Abstract
Objectives
An important step in preparing data for statistical analysis is outlier detection and removal, yet no gold standard exists in current literature. The objective of this study is to identify the ideal decision test using the National Health and Nutrition Examination Survey (NHANES) 2017–2018 dietary data.
Methods
We conducted a secondary analysis of NHANES 24-h dietary recalls, considering the survey's multi-stage cluster design. Six outlier detection and removal strategies were assessed by evaluating the decision tests' impact on the Pearson's correlation coefficient among macronutrients. Furthermore, we assessed changes in the effect size estimates based on pre-defined sample sizes. The data were collected as part of the 2017–2018 24-h dietary recall among adult participants (N=4,893).
Results
Effect estimate changes for macronutrients varied from 6.5 % for protein to 39.3 % for alcohol across all decision tests.
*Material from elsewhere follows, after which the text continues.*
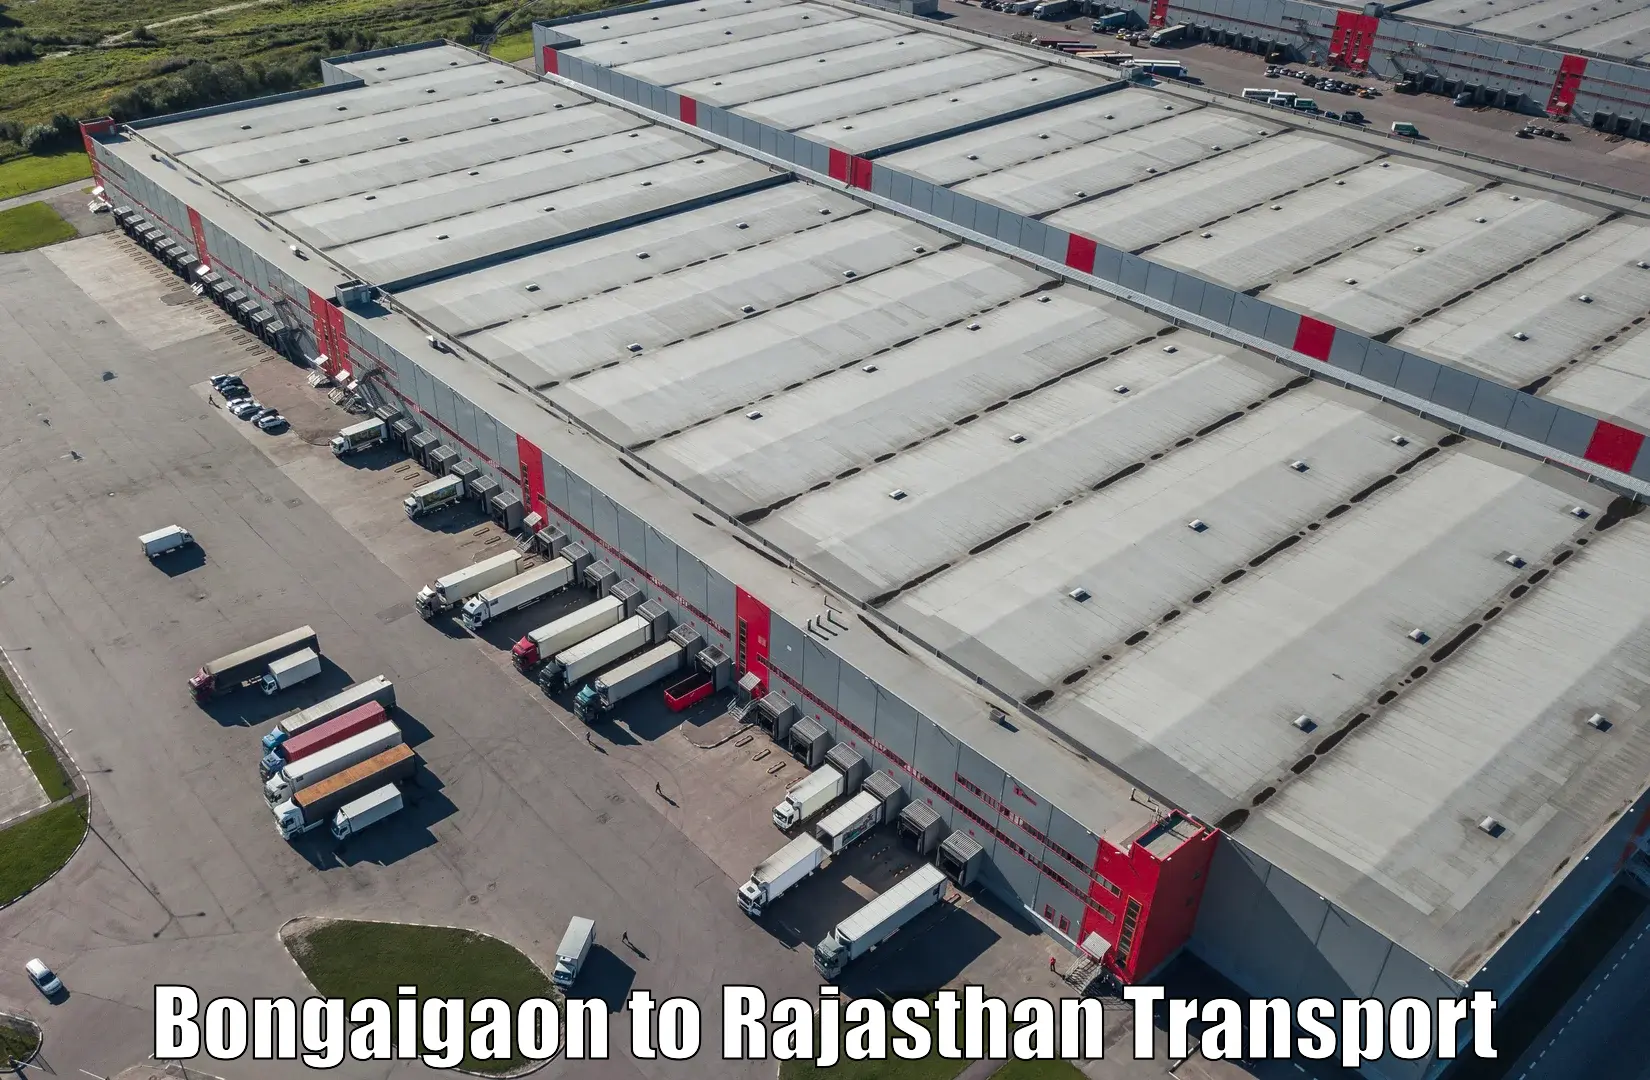 Truck transport companies in India Bongaigaon to Ghatol

The largest proportion of outliers removed was 4.0 % in the large sample size, for the decision test, >2 standard deviations from the mean. The smallest sample size, particularly for alcohol analysis, was most affected by the six decision tests when compared to no decision test.
Conclusions
This study, the first to use 2017–2018 NHANES dietary data for outlier evaluation, emphasizes the importance of selecting an appropriate decision test considering factors such as statistical power, sample size, normality assumptions, the proportion of data removed, effect estimate changes, and the consistency of estimates across sample sizes. We recommend the use of non-parametric tests for non-normally distributed variables of interest.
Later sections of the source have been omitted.